On DVD: When a Movie Fails to Become a Movie, Is It Art?

Rob Marshall's newest old-school Broadway musical reconstitution, Nine, got humdingered by critics when it briefly splashed into theaters last year. Audiences apparently felt the same way, because they ignored it, and so just when you're thinking Daniel Day Lewis can't pick his nose without getting Oscar-nominated, the year's biggest musical came and went in a fog of shame.

You'd probably loathe Nine, too, if you rented it now on DVD and expected a lavish, expert, star-studded musical, the traditional kind that fans of the 1982 Broadway show still sing hosannas about. (I still remember the, um, tempting TV commercials for the show, featuring a kittenish Anita Morris in a see-through body suit). But what if you expected a non-movie? Because that's what it is -- and it shouldn't be a surprise, derived as it is from Federico Fellini's (1963), which is about how Fellini can't summon the focus or creative energy to actually make a movie. But then he makes one anyway.

nine_007-new.jpg

Bob Fosse's All that Jazz (1979) and Woody Allen's Stardust Memories (1980) did the same thing in overtly Felliniesque ways, all of it probing the essence of the form's primary text, Chuck Jones's Duck Amuck (1953), which, you'll remember, chronicles Daffy Duck's descent into psychosis as the film around him fails to ever become a "film," and in fact tries to kill him.

The idea hit the mud with Peter Greenaway's 8½ Women (2000) -- which makes Marshall's boondoggle look like, well, Fellini -- and passes through the stratosphere again with Spike Jonze and Charlie Kaufman's Adaptation (2002), which fails to "become" even as it succeeds, and then morphs into exactly the kind of movie its screenwriter didn't want to make.
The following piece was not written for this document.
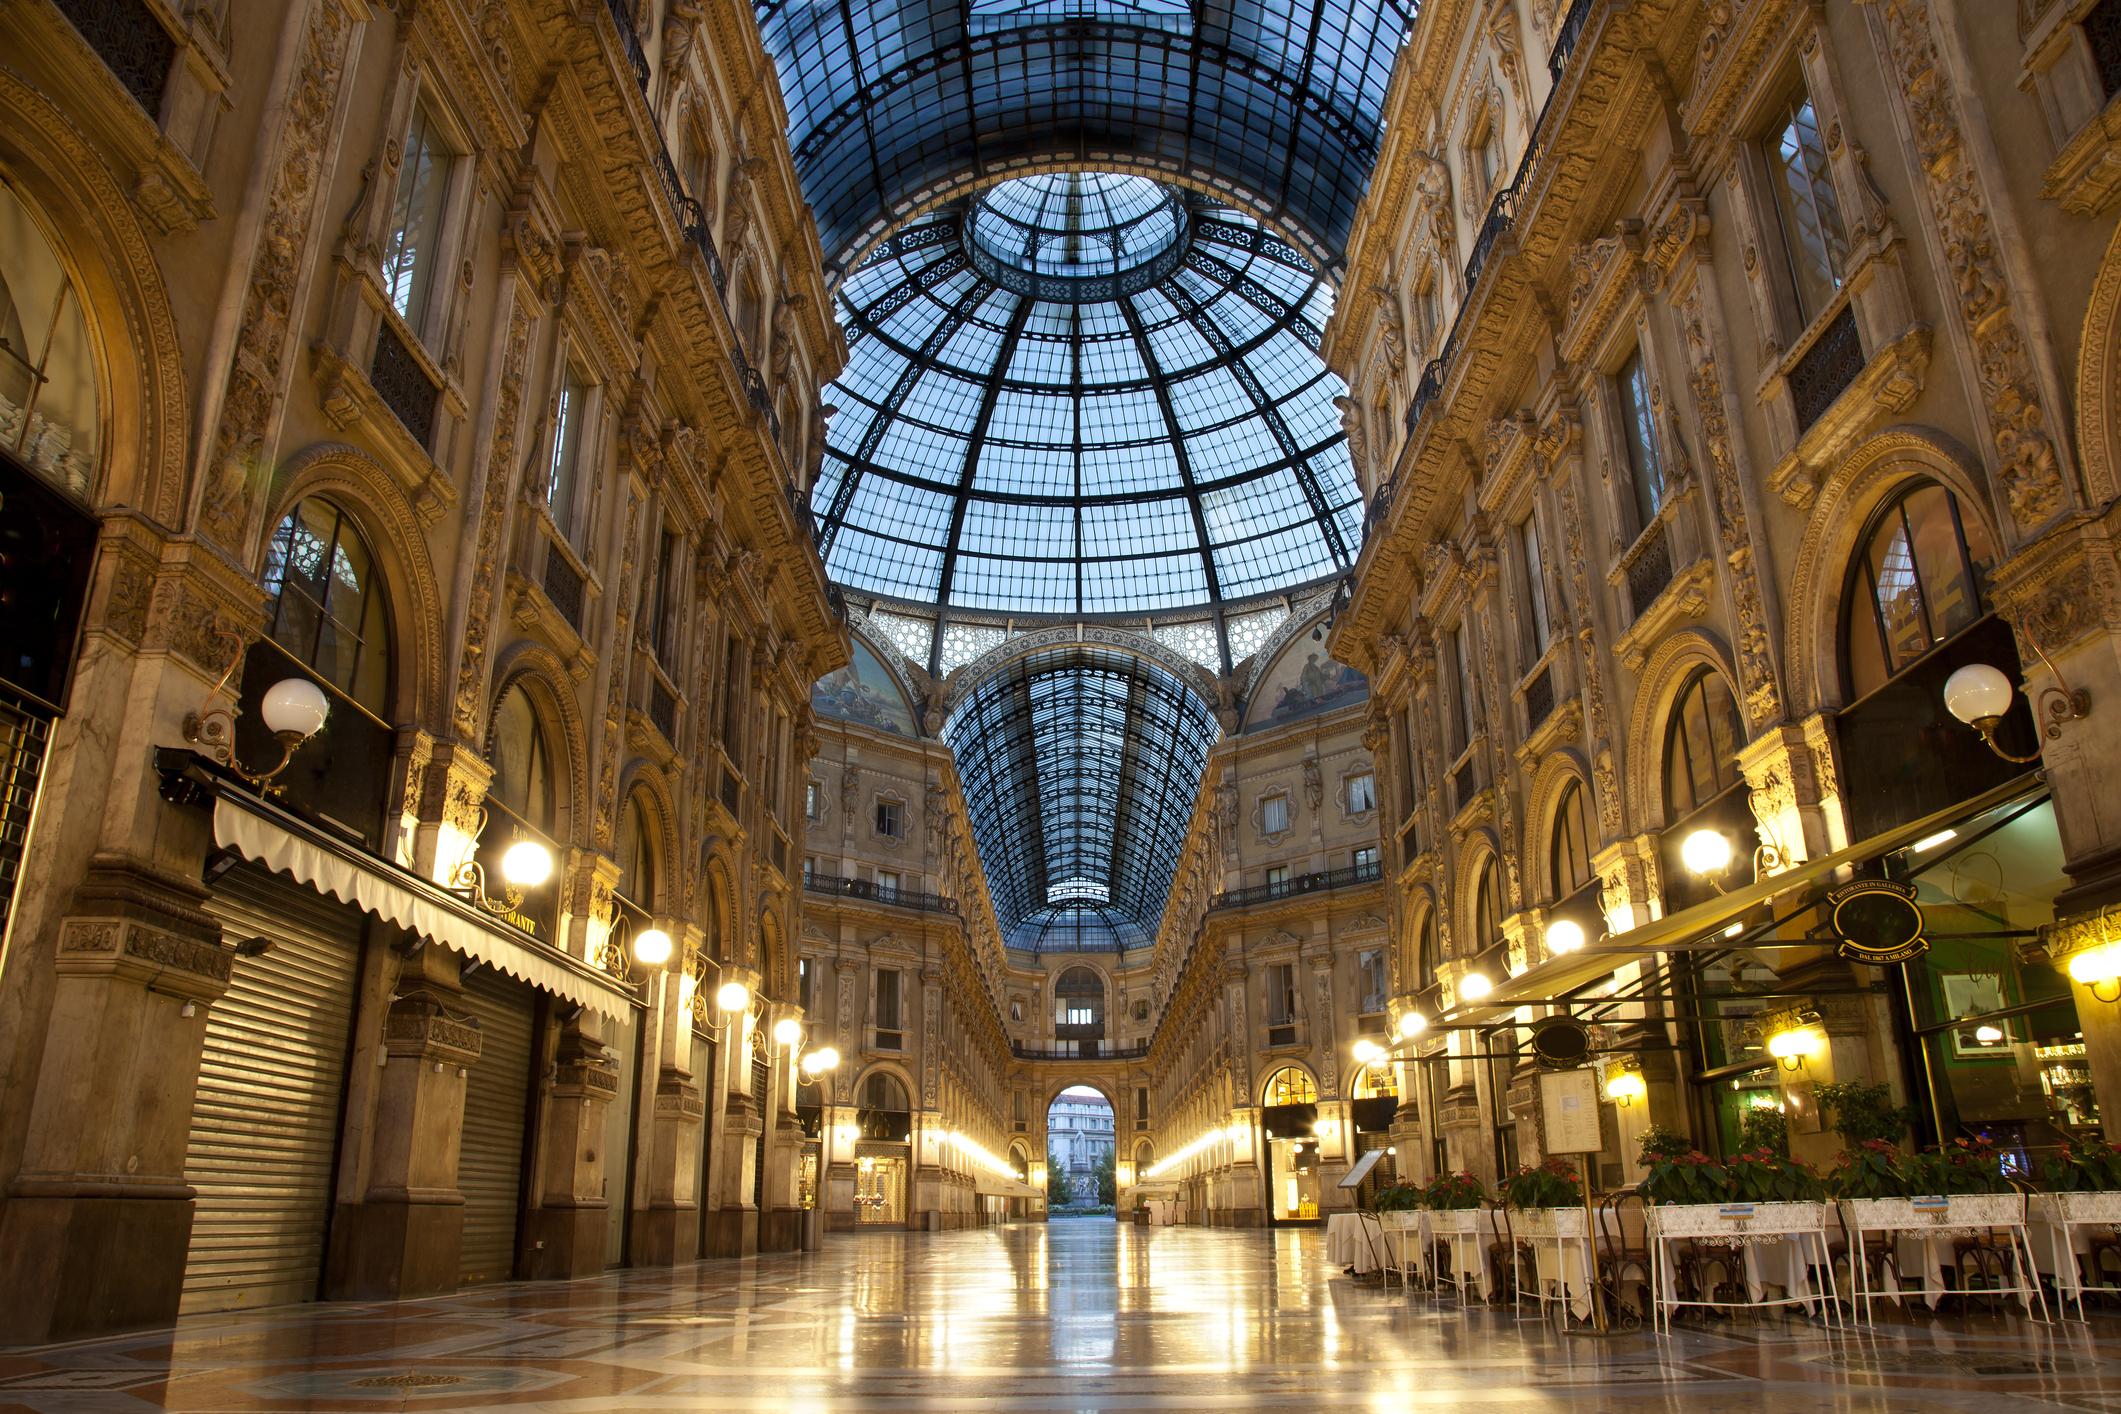 """В непосредствена близост до """"Дуомо"""" на същия площадПиаца дел Дуомое и прочутата покритагалерия на Виктор Емануилвъв форма на кръст с остъклени тавани, където се намират най-известните магазини и заведения."""

In the process of expressing their various failures to make a movie, Fellini and most of the others also managed (almost coincidentally) to make traditionally enthralling and hilarious movies as well. Not Marshall -- his dedication to his material's self-destructing Duck Amuck-ness is pure as the driven snow. In other words, what was considered by most critics to be Marshall's crash-&-burn failure to make an orthodox movie might've instead been his uncorrupted focus on Fellini's mission: to chronicle creative inertia. In a way, Marshall succeeded where Fellini failed. If you're making a film about the agonies of artistic block, shouldn't your film be ruinous and unsatisfying in every way?

Mind you, it's not a hand job to sit through -- the original musical (by Arthur M. Kopit and Maury Yestin) is so lumbering and uninventive it may well have "succeeded" at failing on stage to the same outrageous degree it does on screen. Sure, Stacy Ferguson (the Black Eyed Peas' Fergie) vamps her number through the skylight, and Oscar-winner Marion Cotillard delivers her song like a stork delivering its last baby of the year. As welcome though they are, the occasional juicy musical moments almost wreck Marshall's master plan. But not quite.



Comments

  • Citizen Bitch says:

    Nice!
    I loved Kate Hudson's hairography, too!

  • syd says:

    maybe im too high to get this. is this what you're saying:
    this is a very bad movie, its a movie about writer's/creative block. there have been many movies done about this subject, like the marvelous 'fellini 8 e 1/2' and the great 'adaptation'... since these are great movies, they aren't really about writer's/creative block?
    again, forgive me if im being slow, i should wait till tomorrow, really...
    but you're saying that 'nine' is an awful movie but can be considered to be good art, not because its challenging, or interesting, but because its a horrible movie, because it does what it is "supposed" to represent?
    is this it?
    cause my answer to both would be no. . its just a horrible movie badly cast (badly acted in the most part) that i tried to watch on a plane and i couldnt stand the horribleness of it!! (and everyone knows how movies seem better when you're on a plane, since you've nothing better to do). it is not a movie about creative block, i never felt creative's block was an issue, but bad poor director choices.
    its no point to try to discuss the meaning of art, no one can win that discussion. i just cant see this being...
    actually, no... hang on....
    yea, i totally see it now... you're right....
    its up there with the amount of shit i see on galleries everywhere, those empty pieces of horribleness that art curators just lurrrve, because they project some meaning to them, so they can sell and then art snobs who want to look cool project other meanings to it because they dont understand shit, and then IT BECOMES ART! it really does if you think about it. so yea, i think youre up to something.
    and then again, its all relative and i am quite high, so....
    i kinda dug this article

  • MCU says:

    What the hell, Syd? Are you high?

  • syd says:

    oh yeaaaa 🙂
    hey i came back!

  • syd says:

    i hate it when i post smileys/emoticons but sometimes they just post themselves

  • Mr. Sex says:

    Syd,
    You really think something that long will be a comment of the week?

  • syd says:

    i honestly dont give a shit, my friend.